Business quality rule verification: by configuring the quality rules of the interface return results, fully verify the return results of the interface during the safety production observation period, and ensure the business quality of the interface return results
Intelligent policy alarm: monitor and analyze the business alarm generated during the observation period of safety production, so as to ensure that the routine business index monitoring and middleware monitoring can be found in the safety production stage in advance
Interface RT comparison: compare the average RT of the core interface in safety production and the average RT on the line in the observation period, and find the problems related to the interface performance in advance
Interface automatic verification: verify the interface quality of safe production environment through automatic script, and timely discover major interface problems such as interface call failure and no data return
Intelligent playback: through intelligent playback, the interface return results of safety production and on-line are compared to ensure the functional stability of the read interface
Business scenario coverage: by establishing the business scenario rules of the core interface, the traffic during the observation period can be guaranteed to cover the core business scenario

How to measure the quality of guarantee system?

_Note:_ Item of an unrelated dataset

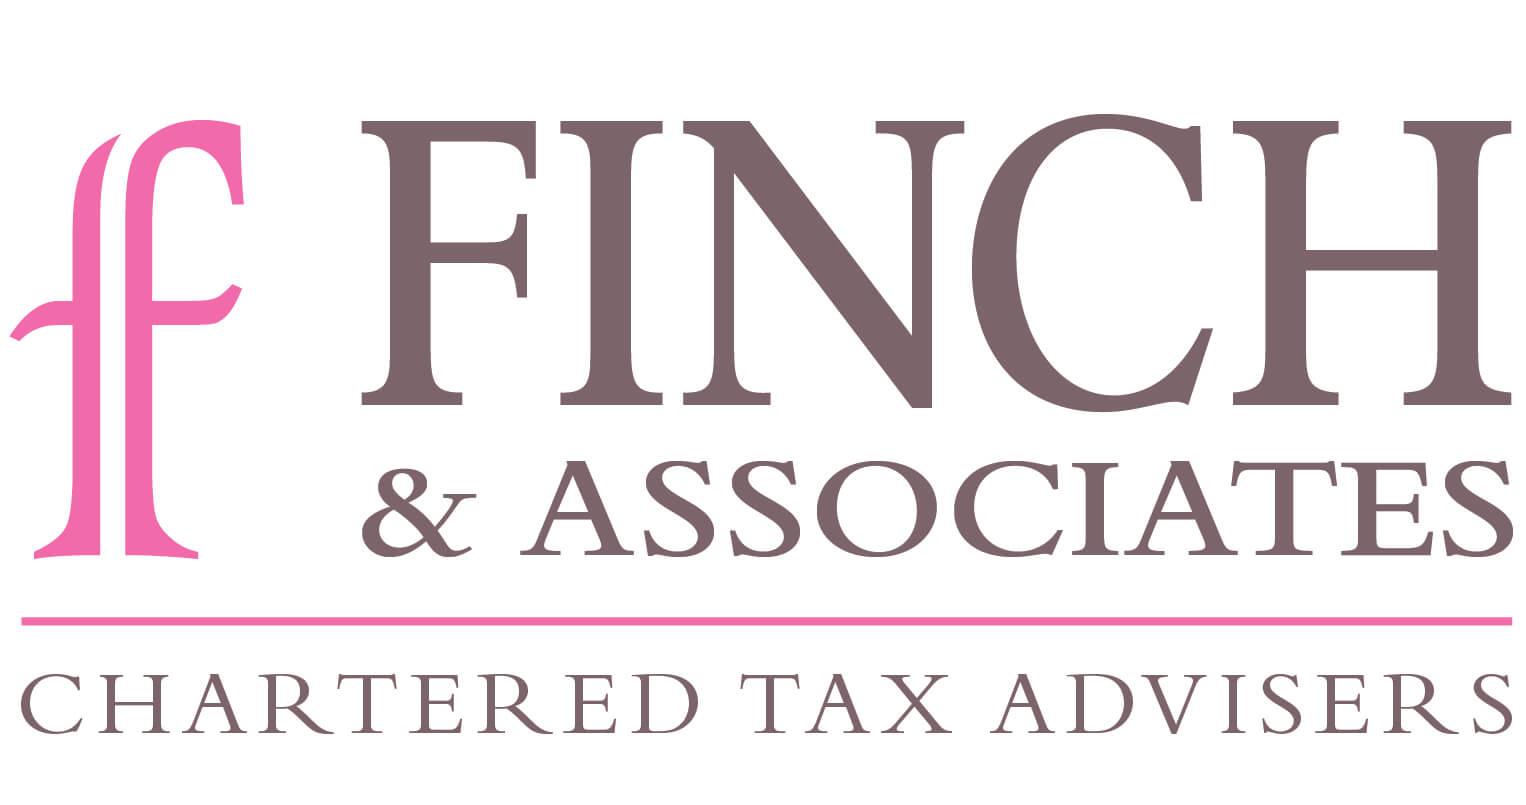 Finch & Associates - US Tax Returns in the UK

The main purpose of building a server-side security system is toImprove the quality of server release and R & D EfficiencyYouku defines reducing the number of server failures and improving the efficiency of change publishing as the main problems to be solved. Based on these two problems, the definition of goal is as follows:
Business quality

Number of failures caused by publishing: number of online problems caused by application publishing. Evaluate the value of the failure caused by the interception release
Number of online sudden failures: number of online sudden failures. Used to evaluate the stability of online services

R & D Efficiency

Change the unattended rate: evaluate the value of continuous integration system to improve the efficiency of regression testing
Change verification duration: evaluate the value of continuous integration system to improve the efficiency of change release

After determining the indicators of the security system, it is necessary to collect the required basic data and aggregate them according to different dimensions to form accurate and reliable measurement indicators. This is the measurement ability of the support system, which enables the business team, the person in charge of special projects and the person in charge of testing to find problems through the index data and provide direction for subsequent optimization.
Youku server support platform through the various external systems, and provides a general failure analysis capabilities, forming a closed-loop measurement of data collection, failure analysis, aggregation index.
Youku quality assurance series (1) -- Practice of server stability assurance
After capacity building and continuous promotion in the past six months, there have been hundreds of application access server test platforms. Among them, the application access rate of the core scenario is 100%, the user activity is high, the guarantee effect is obvious, the quality problems can be found effectively, and the problems that may cause rollback or even online failure have been intercepted several times, It greatly improves the quality of service end online and R & D efficiency.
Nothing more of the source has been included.